Division of Gastroenterology and Hepatology, Department of Internal Medicine III, Medical University of Vienna, Vienna, Austria.
Vienna HIV & Liver Study Group, Medical University of Vienna, Vienna, Austria.
J Viral Hepat. 2022 Dec;29(12):1062-1072. doi: 10.1111/jvh.13746. Epub 2022 Sep 12.
The COVID-19 pandemic necessitates healthcare restrictions that also affected ongoing hepatitis C virus (HCV) elimination efforts. We assessed the value of a physician-operated HCV hotline on treatment and cure rates throughout the pandemic. All HCV patients undergoing HCV therapy at the Vienna General Hospital from 2019 to 2021 were included. An HCV hotline was established in 2019 and provided services including phone calls, text messages and voicemails. Patients were stratified by date of HCV therapy: 2019 (pre-COVID) vs. 2020/2021 (during-COVID) and use of the HCV hotline: users vs. non-users. Overall, 220 patients were included (pre-COVID: n = 91 vs. during-COVID: n = 129). The prevalence of intravenous drug use (60.5%) and alcohol abuse (24.8%) was high during COVID. During COVID, the number of DAA treatment starts declined by 24.2% (n = 69) in 2020 and by 34.1% (n = 60) in 2021 vs. pre-COVID (n = 91, 100%). Significantly more patients used the HCV hotline during-COVID (95.3%) vs. pre-COVID (65.9%; p < .001). Sustained virologic response (SVR) was 84.6% pre-COVID and 86.0% during-COVID. HCV hotline users achieved higher SVR rates during-COVID (88.2% vs. 33.3%, p = .004), but also pre-COVID (96.7% vs. 61.3%, p < .001) compared with non-users. Considering only patients with completed DAA treatments, SVR rates remained similarly high during-COVID (96.9%) versus pre-COVID (98.1%). HCV treatment initiations decreased during-COVID but importantly, nearly all DAA-treated HCV patients used the HCV hotline during the COVID pandemic.
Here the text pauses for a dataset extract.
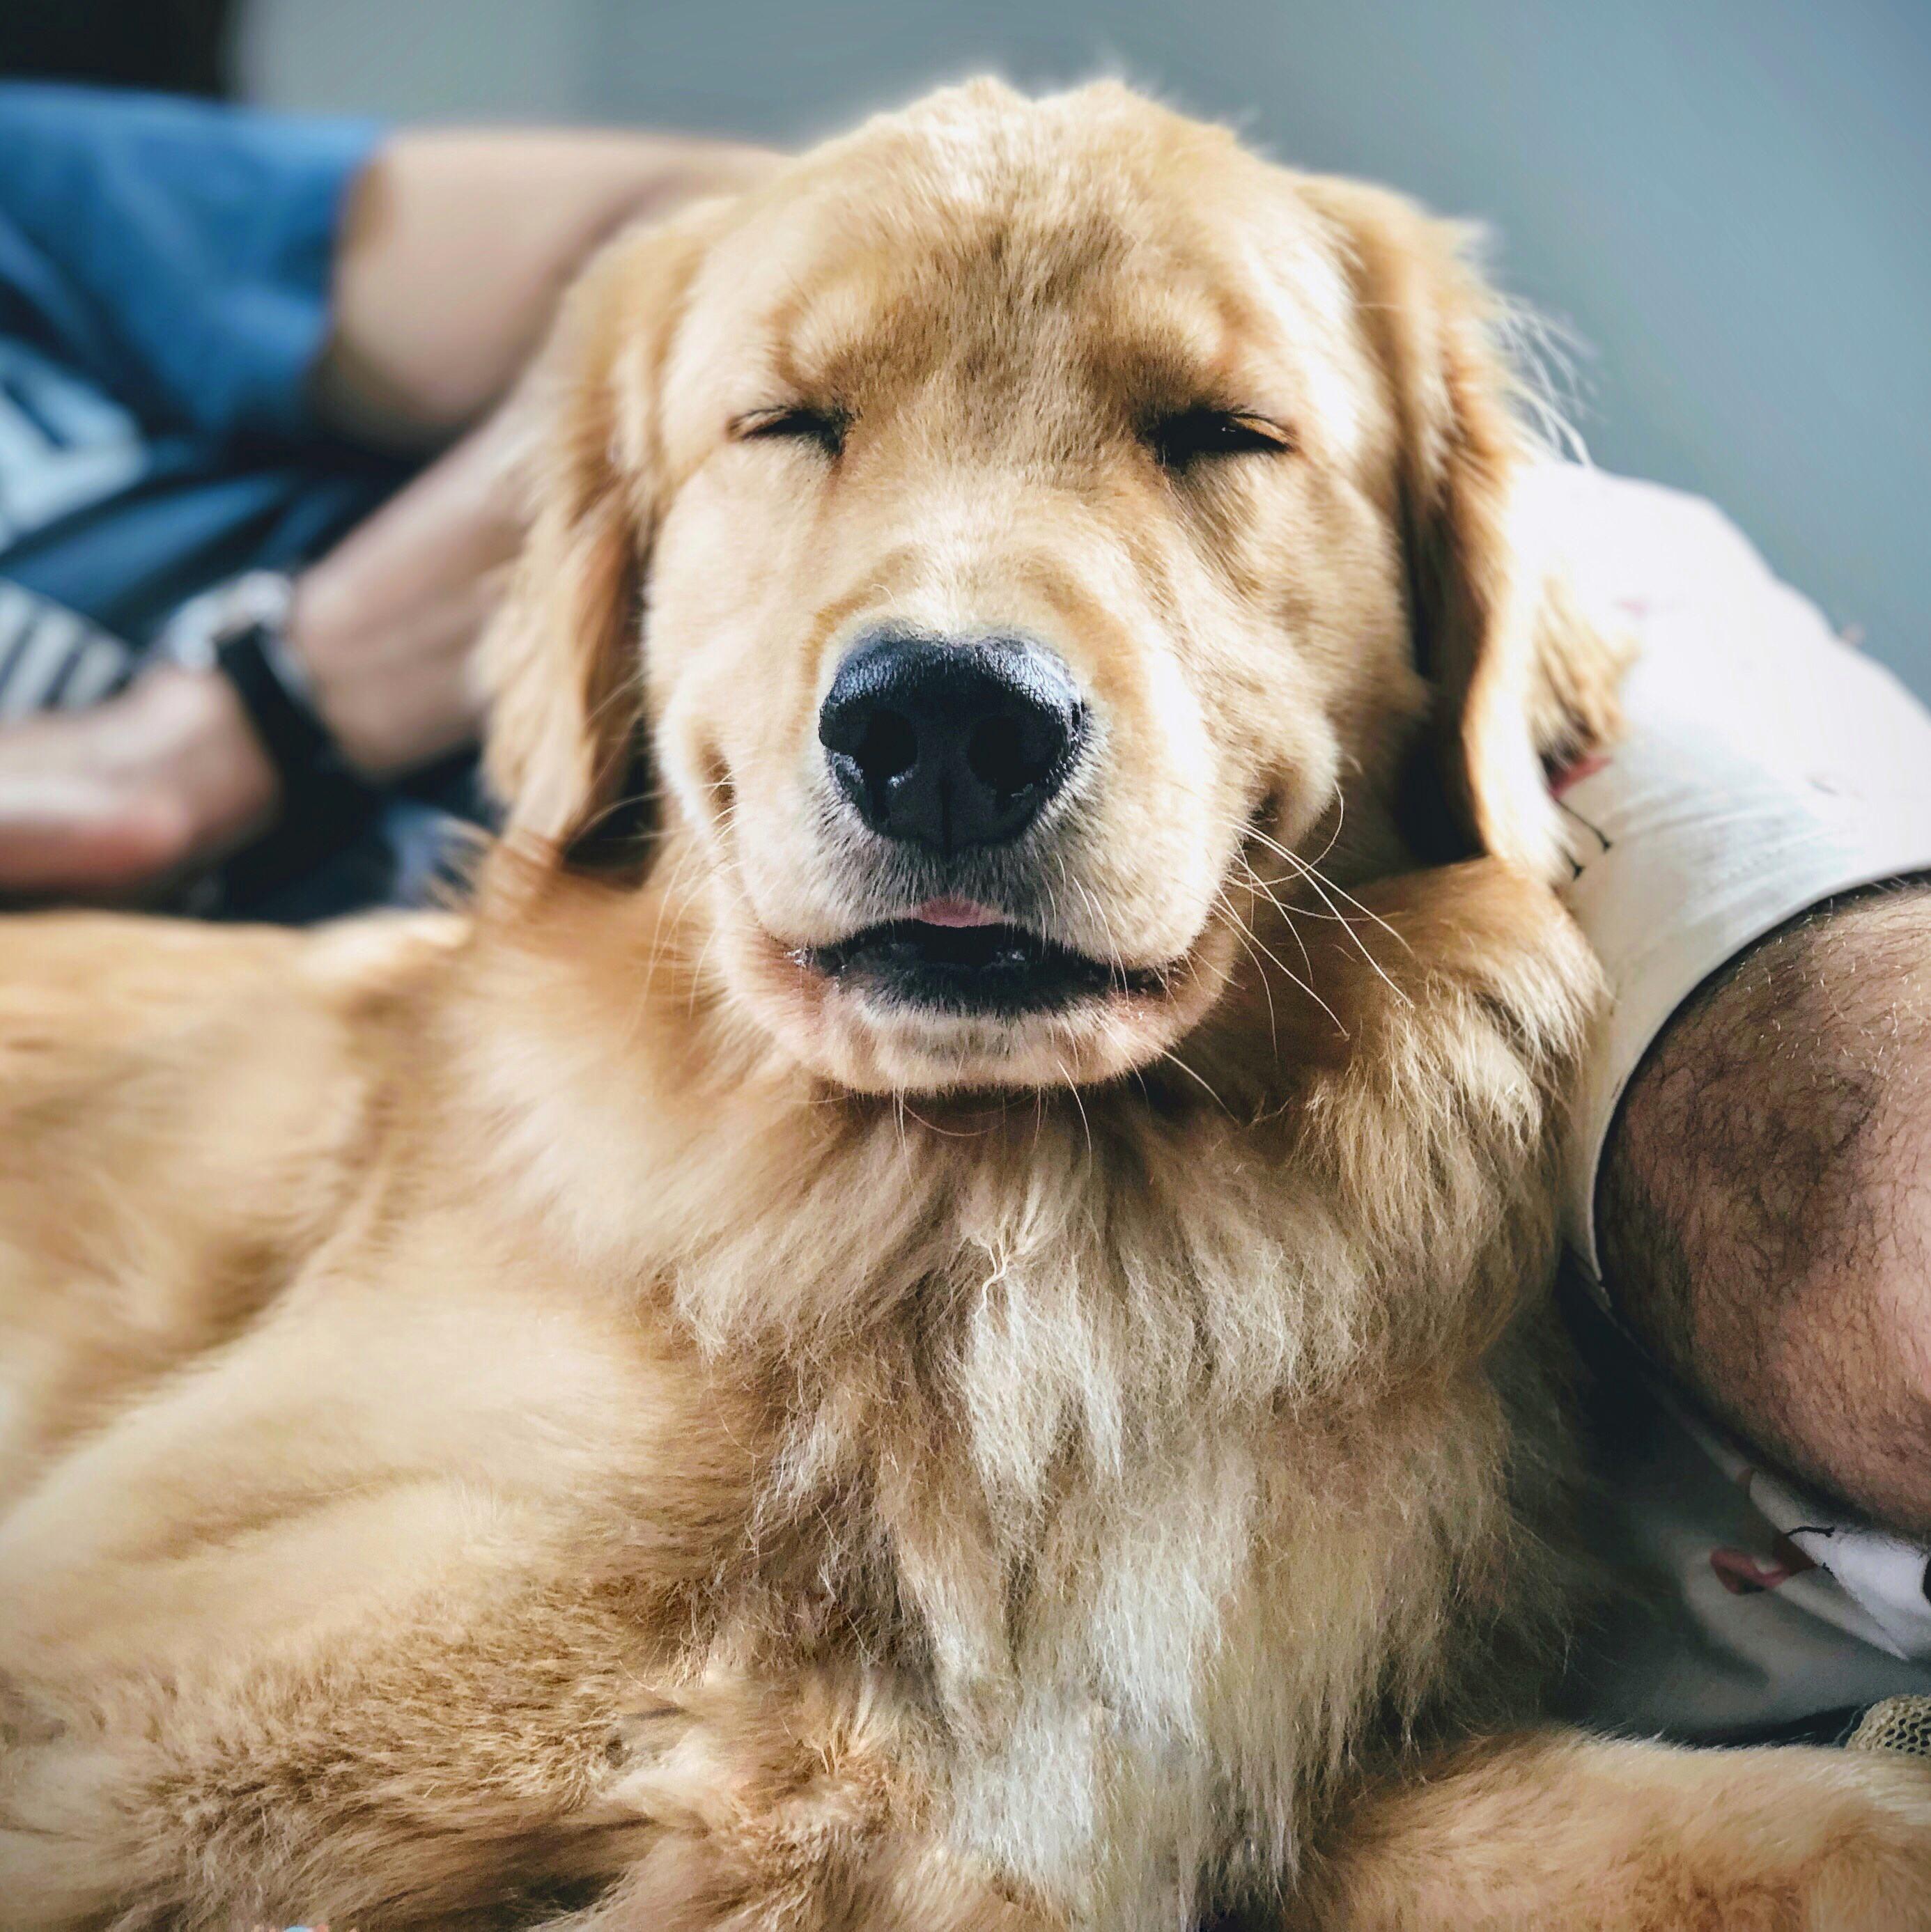 Pin Von Len Hnsl Auf Dogs Susse Hunde Tiere Hund Und Hunde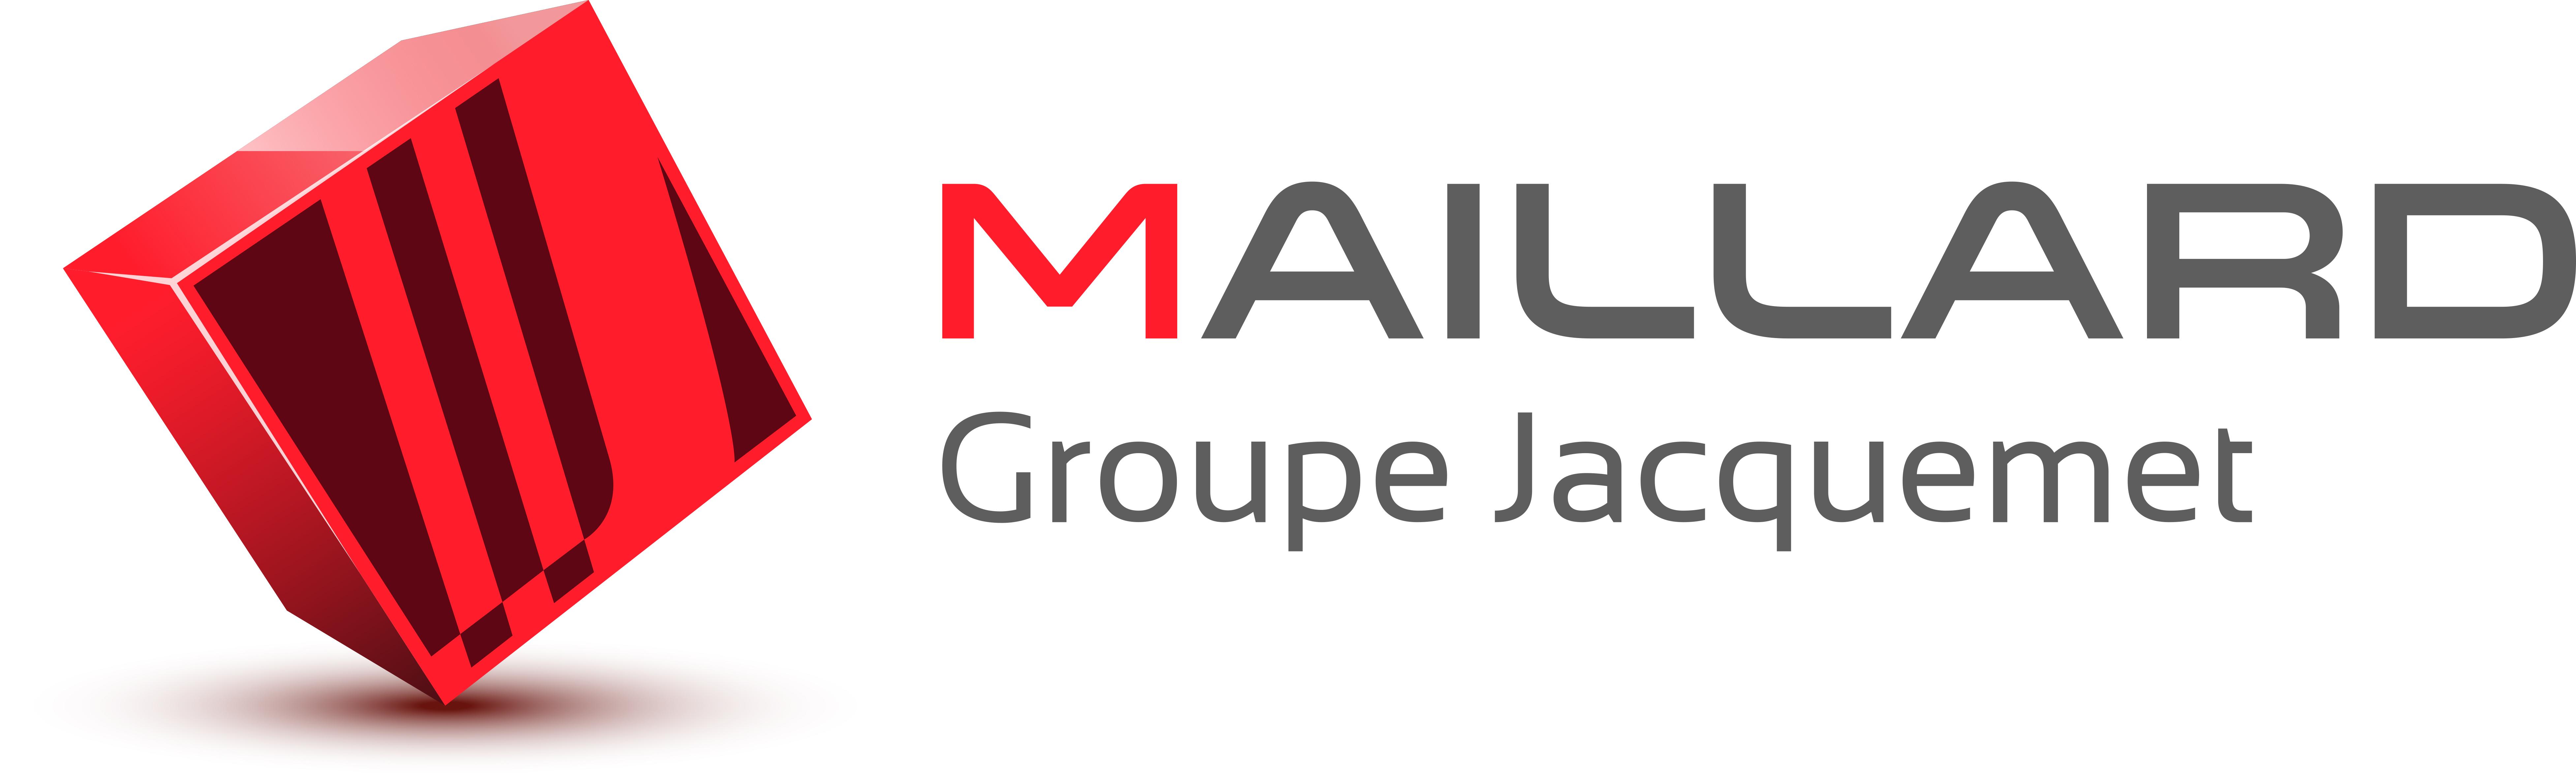 1589870254-ressorts-maillard-blanchet-stand-jacquemet-groupe-.jpg

Overall, the SVR rate remained at 88.2% during COVID and was particularly high in HCV phone users-most likely due to facilitation of adherence.
新型冠状病毒病大流行需要实施医疗限制,这也影响了正在进行的丙型肝炎病毒 (HCV) 消除工作。我们评估了医生运营的 HCV 热线在整个大流行期间对治疗和治愈率的价值。2019 年至 2021 年期间,在维也纳综合医院接受 HCV 治疗的所有 HCV 患者均被纳入研究。2019 年建立了 HCV 热线,并提供了电话、短信和语音邮件服务。患者按 HCV 治疗日期分层:2019 年(COVID-19 前)与 2020/2021 年(COVID-19 期间),以及 HCV 热线的使用情况:使用者与非使用者。共有 220 名患者被纳入研究(COVID-19 前:n=91 与 COVID-19 期间:n=129)。在 COVID-19 期间,静脉药物使用(60.5%)和酒精滥用(24.8%)的患病率很高。在 COVID-19 期间,2020 年 DAA 治疗开始的数量减少了 24.2%(n=69),2021 年减少了 34.1%(n=60),与 COVID-19 前(n=91,100%)相比。在 COVID-19 期间,明显有更多的患者使用了 HCV 热线(95.3%),而 COVID-19 前(65.9%)(p<.001)。COVID-19 前 HCV 患者的持续病毒学应答率(SVR)为 84.6%,COVID-19 期间为 86.0%。HCV 热线使用者在 COVID-19 期间获得了更高的 SVR 率(88.2%比 33.3%,p=0.004),而在 COVID-19 前也获得了更高的 SVR 率(96.7%比 61.3%,p<.001)。仅考虑完成 DAA 治疗的患者,COVID-19 期间的 SVR 率仍然很高(96.9%比 COVID-19 前(98.1%)。在 COVID-19 期间,HCV 治疗的启动减少了,但重要的是,几乎所有接受 DAA 治疗的 HCV 患者在 COVID 大流行期间都使用了 HCV 热线。总体而言,SVR 率在 COVID-19 期间保持在 88.2%,在 HCV 电话使用者中特别高-很可能是由于促进了依从性。